Subsequent subsections describe the process of finding the best NLP pipeline, topic model optimization to find the optimum number of topics, and an assessment of the confusion in topic model assignments relative to the SME-assigned categories.

4.1. Pipeline Optimization

Table 3 summarizes the outcome of the stop word engineering process to identify the best NLP pipeline for model optimization. The process identified 179 English stop words and 372 domain-specific stop words, resulting in 3058 unique tokens in the cleaned corpus, which was approximately 35% of the unique tokens in the original corpus. Vectorization with lower and upper outlier filtering for too frequent and too rare words further reduced the number of tokens (features) to 612, which was only about 7% of the unique tokens in the original corpus. This result highlights the efficiency of the text cleaning process to produce a minimal set of features for ML.
Table 3. Outcome of stop word engineering.
Table 4 summarizes the performance of each NLP pipeline in terms of their alignment index components and the H-index. There were four combinations of tokenizers (T) and normalizers based on the best algorithms identified in Table 2. The NLP pipeline included a mix of the CountVectorizer measuring term frequency (TF) and the TfidfVectorizer measuring TF-IDF (TI), each with options for no filtering (0F) and dual filtering (2F) of extreme importance values. The NLP pipeline included combinations of the LDA and NMF topic modelers. Hence, there were 4 (tokenizer/normalizer) × 2 (vectorizers) × 2 (filters) × 2 (topic modelers) = 32 combinations of NLP algorithms in the NLP pipeline.
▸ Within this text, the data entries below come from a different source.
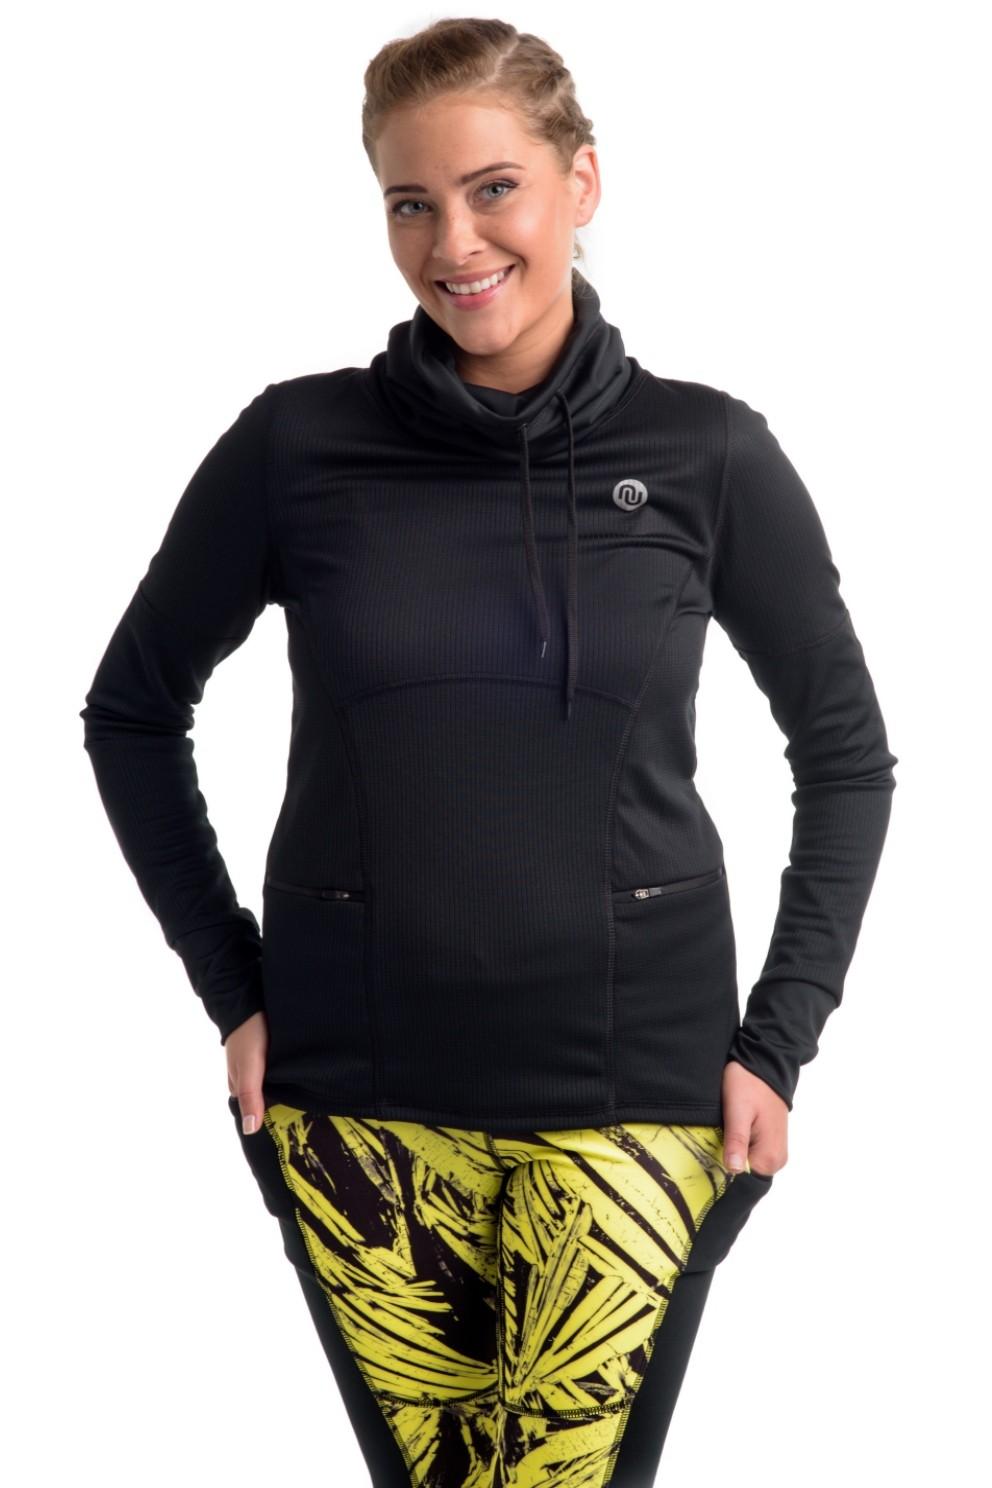 Nessi Damen Sweatshirt OBOD Jogging Fitness Atmungsaktiv ...
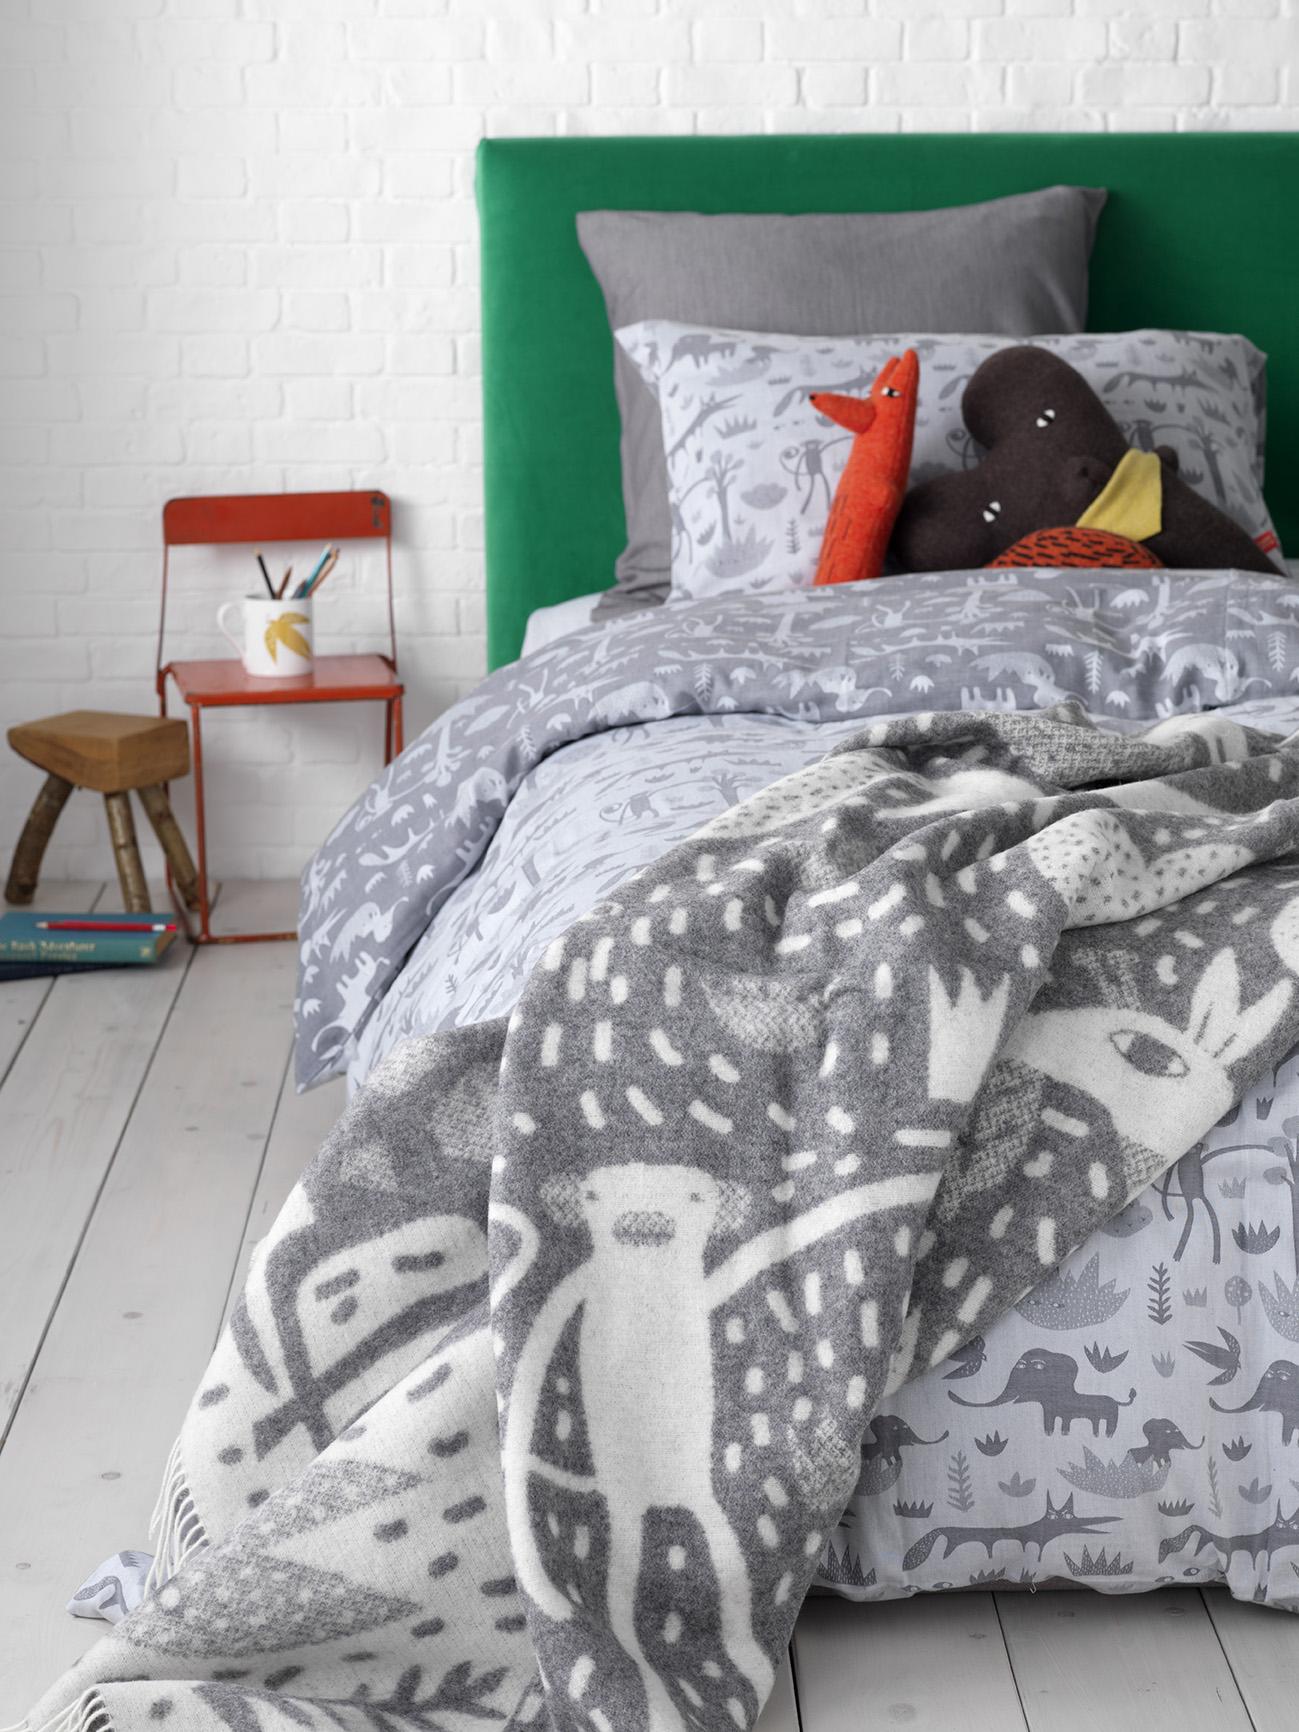 Donna Wilson Collaboration for Secret Linen Store, Menagerie Bed Linen, Throw, single duvet and pillowcase set £59
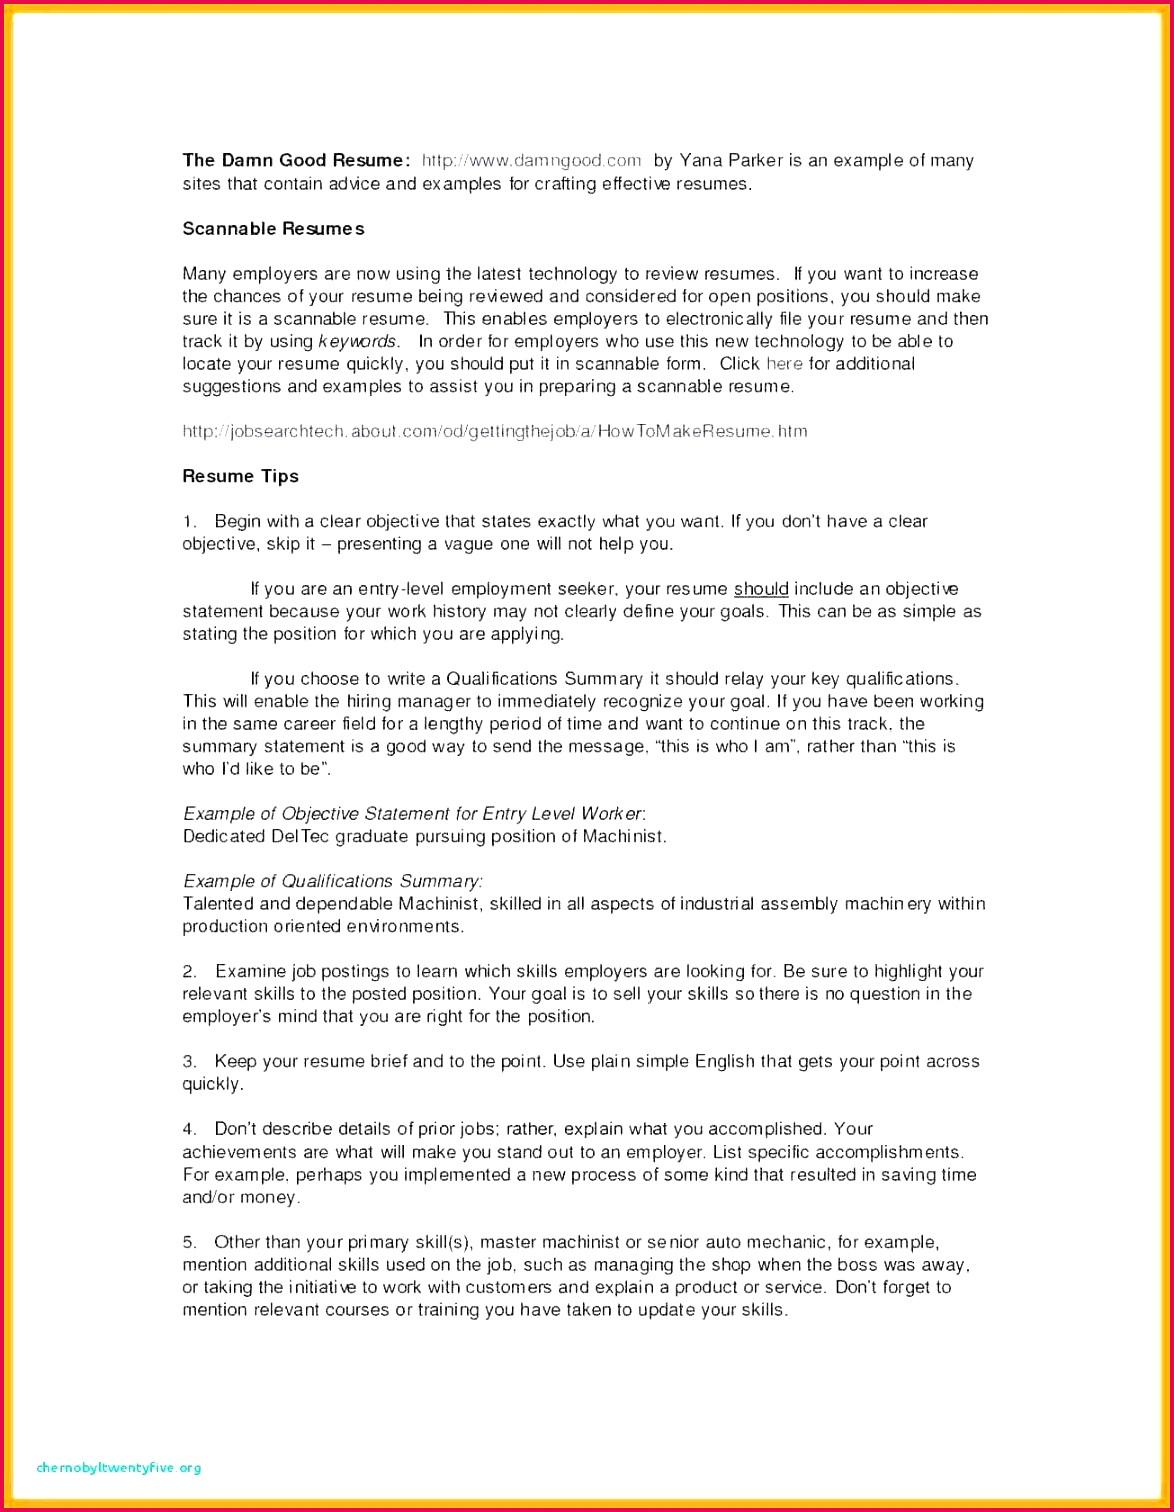 024 employment verification letter template word valid thomasdegasperi of

The results show that NLP pipeline 31 yielded the best H-index.
Table 4. NLP pipelines for 11 topics and alignment indices.
Figure 4 is a visualization of the data in Table 4 to show trends. The figure shows the NLP pipelines in eight groups. The following are some observations and insights:
Figure 4. Alignment indices of each NLP pipeline.
1.
The vectorizer extremity filters improved the performance of both LDA (group 2 > group 1) and NMF (group 8 > group 7) topic modeling algorithms.
2.
LDA had an edge over NMF when the pipeline included TF and 2F (group 2 > group 6).
3.
NMF had an edge over LDA when the pipeline included TI and 2F (group 8 > group 4).
4.
In all cases, stemmers performed at least as good as the lemmatizers.
Table 5 lists the top 20 keywords associated with each of the topics (T) assigned by the best NLP pipeline. Figure 5 shows the keyword distribution by TF-IDF for each topic that the model assigned. This distribution validates that there is a point of diminishing returns in keyword importance after 5 to 20 top keywords, depending on the model-assigned topic. For example, topics 2 and 8 exhibit a point of diminishing returns after approximately 5 keywords, whereas topics 3 and 6 show that diminishing returns become apparent as the number of keywords approaches 20.
Table 5. Topic number and associated top 20 keywords.
Figure 5. Term TF-IDF distribution per assigned topic category.
Figure 6 complements Table 5 and Figure 5 by showing a word cloud for each of the model-assigned topics. To improve visualization, the font sizes correspond to the TF of the keyword distributions rather than the TI-IDF values. The visualization shows both distinct and overlapping topics. For example, topic 6 is clearly about vehicle platooning, whereas topic 9 includes a mix of topics based on words such as transit, warn, crash, navigate, and cluster.
Figure 6. Word cloud for topic assignments using the top NLP pipeline.
Table 6 shows the topic number most frequently assigned to each SME category and the purity value. The ML model assigned topic 9 to the SME category of traffic signaling with maximum purity. This aligns with the top keywords of topic 9, which include transit, plan, warn, crash, stop, navigate, and phase. However, the model also assigned topic 9 to five other SME categories, resulting in a low dispersion of 6/11 = 0.545. The minimum purity of 0.318 for the SME category of multi-vehicle networking suggested that the topic model identified several topics in that category. Nevertheless, assigning topic 5 as the dominant topic aligns with multi-vehicle networking, where the top keywords include micro, cluster, cooperative, and share. The average purity for the best NLP pipeline was 0.524, resulting in both the mean and H-index equaling 0.535.
Table 6. Most frequent topics assigned to each SME class.

4.2. Model Optimization

Both topic modeling algorithms (LDA and NMF) require a hyperparameter that specifies the number of topics to model. Figure 7 shows trends of how the various indices change with the number of topics modeled for the best NLP pipeline. The H-index peaked at 11 topics, aligning with the number of SME-assigned categories. This result affirmed that the best model aligned with the SME classification, albeit with a fair amount of disagreement in topic assignments. The purity and dispersion factors show diverging trends, as expected. That is, as the dispersion of topic assignments increases within and across SME categories, the purity of topic assignments within SME categories will necessarily decrease. Conversely, as the purity of topic assignments within and across SME categories increases, the dispersion factor must necessarily decrease. Unlike the H-index, the extreme values of purity and dispersion factors more heavily influenced their mean value. After peaking at 11 topics, the H-index tended to stabilize with an increasing number of topics modeled.
Figure 7. Topic model hyperparameter optimization.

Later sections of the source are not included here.